On 1/19/22 07:43, Tadeusz Struk wrote:
Looks like after this change there is a time window, when task_struct->se.cfs_rq can be NULL. This can be exploited to trigger null-ptr-deref by calling setpriority on that task.
Looks like isn't good enough, either there is, in which case you explain the window, or there isn't in which case what are we doing here?
There surely is something wrong, otherwise it wouldn't crash. I will try to narrow down the reproducer to better understand what causes the fault.
The race is between sched_post_fork() and setpriority(PRIO_PGRP) The scenario is that the main process spawns 3 new threads, which then call setpriority(PRIO_PGRP, 0, -20), wait, and exit. For each of the new thread the copy_process() gets invoked, which then calls sched_fork() and finally sched_post_fork().
There is a possibility that setpriority(PRIO_PGRP)->set_one_prio() will be called for a thread in the group that is just being created by copy_process(), and for which the sched_post_fork() has not been executed yet. This will trigger a null pointer dereference in reweight_entity() because it will try to access the CFS run queue pointer, which hasn't been set, resulting it a crash as below:
KASAN: null-ptr-deref in range [0x00000000000000a0-0x00000000000000a7] CPU: 0 PID: 2392 Comm: reduced_repro Not tainted 5.16.0-11201-gb42c5a161ea3-dirty #13 Hardware name: QEMU Standard PC (i440FX + PIIX, 1996), BIOS 1.15.0-1.fc35 04/01/2014 RIP: 0010:reweight_entity+0x15d/0x440 RSP: 0018:ffffc900035dfcf8 EFLAGS: 00010006 Call Trace: <TASK> reweight_task+0xde/0x1c0 set_load_weight+0x21c/0x2b0 set_user_nice.part.0+0x2d1/0x519 set_user_nice.cold+0x8/0xd set_one_prio+0x24f/0x263 __do_sys_setpriority+0x2d3/0x640 __x64_sys_setpriority+0x84/0x8b do_syscall_64+0x35/0xb0 entry_SYSCALL_64_after_hwframe+0x44/0xae </TASK> ---[ end trace 9dc80a9d378ed00a ]---
Before the mentioned change the rq pointer has been set in sched_fork(), which is called much earlier in copy_process() as opposed to sched_post_fork(), before the new task is added to the thread_group.

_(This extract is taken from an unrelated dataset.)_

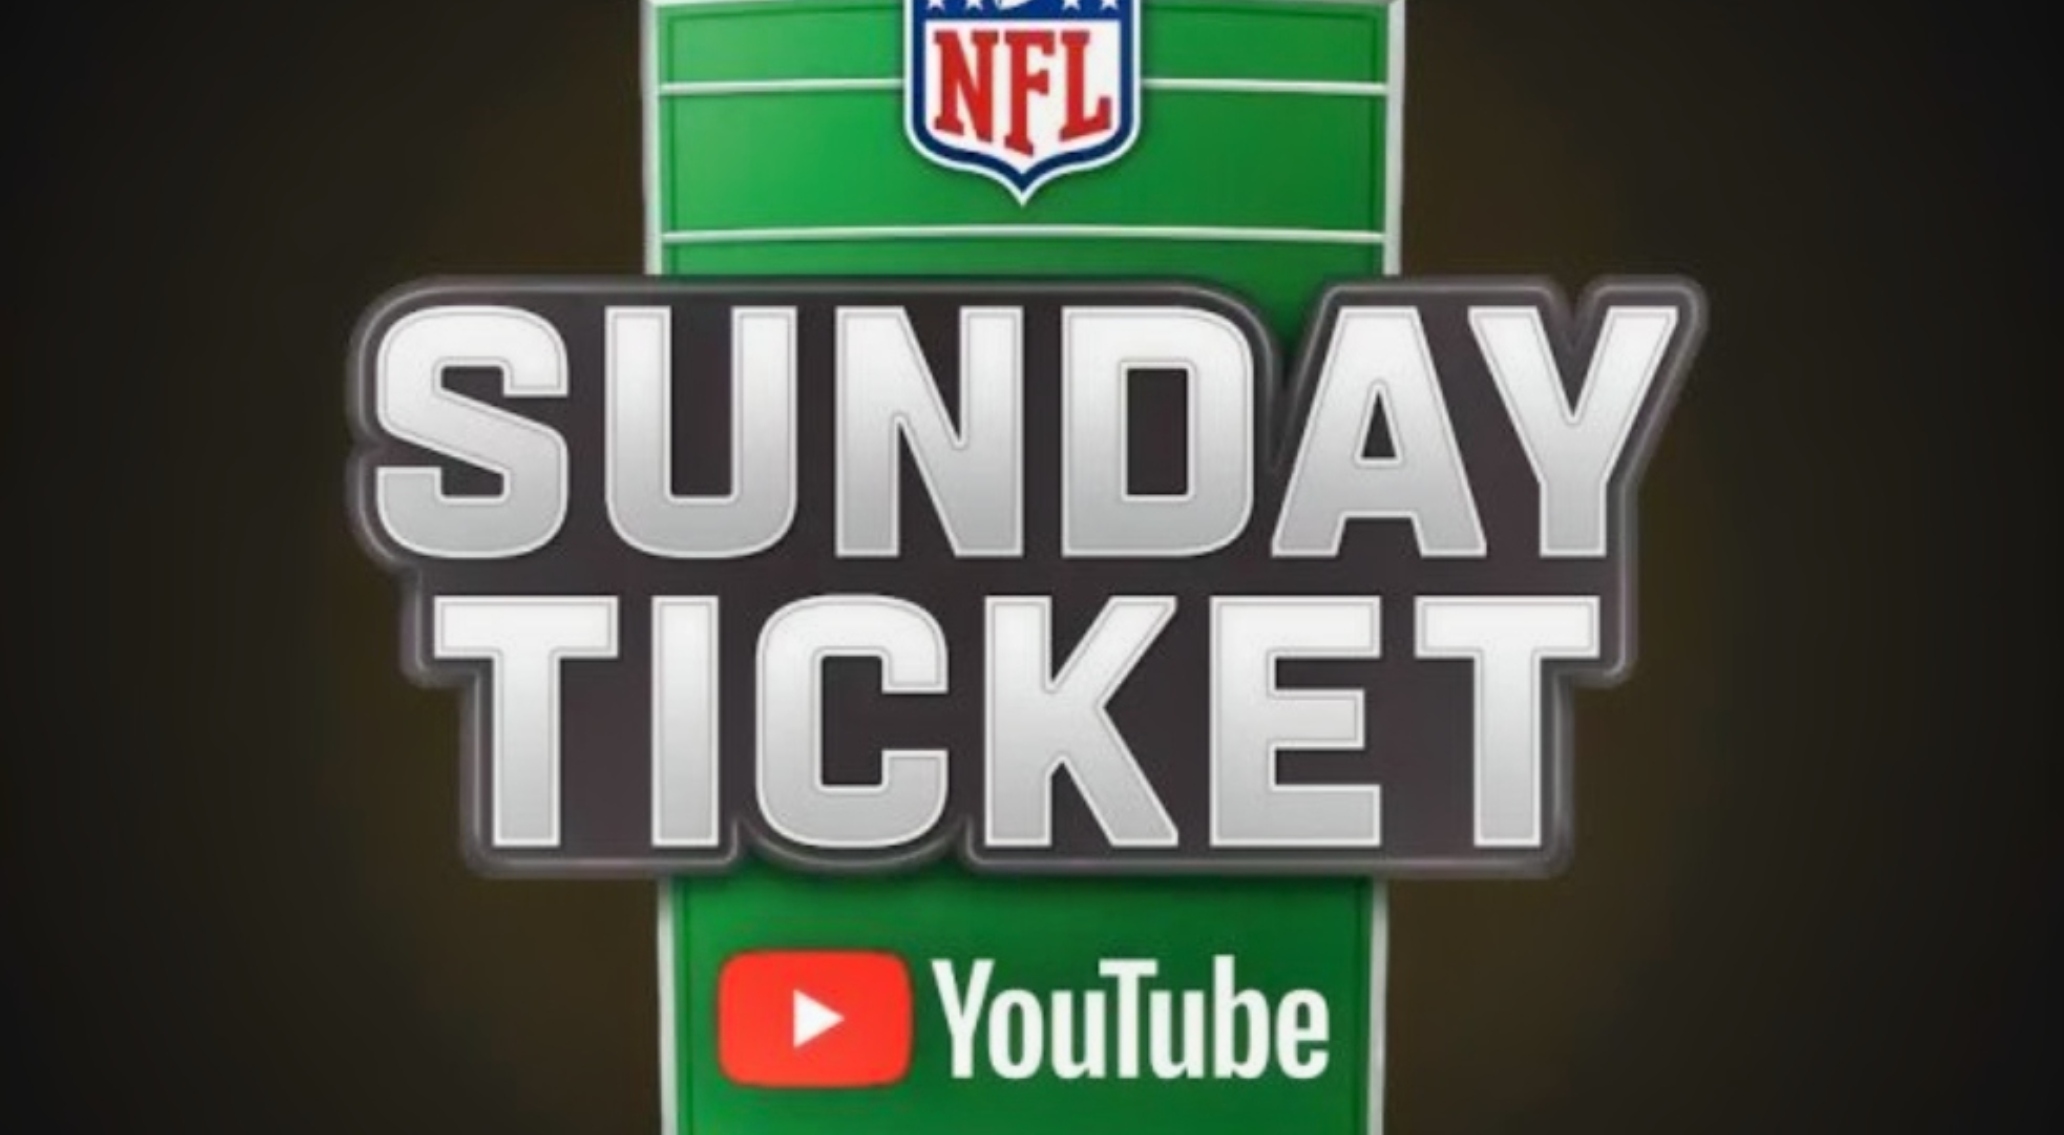 YouTube Announces Multiview Option For NFL Sunday Ticket

A stripped down version of the sysbot reproducer can be found here: https://termbin.com/axkq
I can consistently reproduce the issue with it in 2-3 runs.
The solution is either we set the pointer p->se.cfs_rq to a dummy rq in sched_fork(), or return from the set_one_prio() without doing anything if the rq is NULL, as it is done in the patch. I will update the description and resend it tomorrow.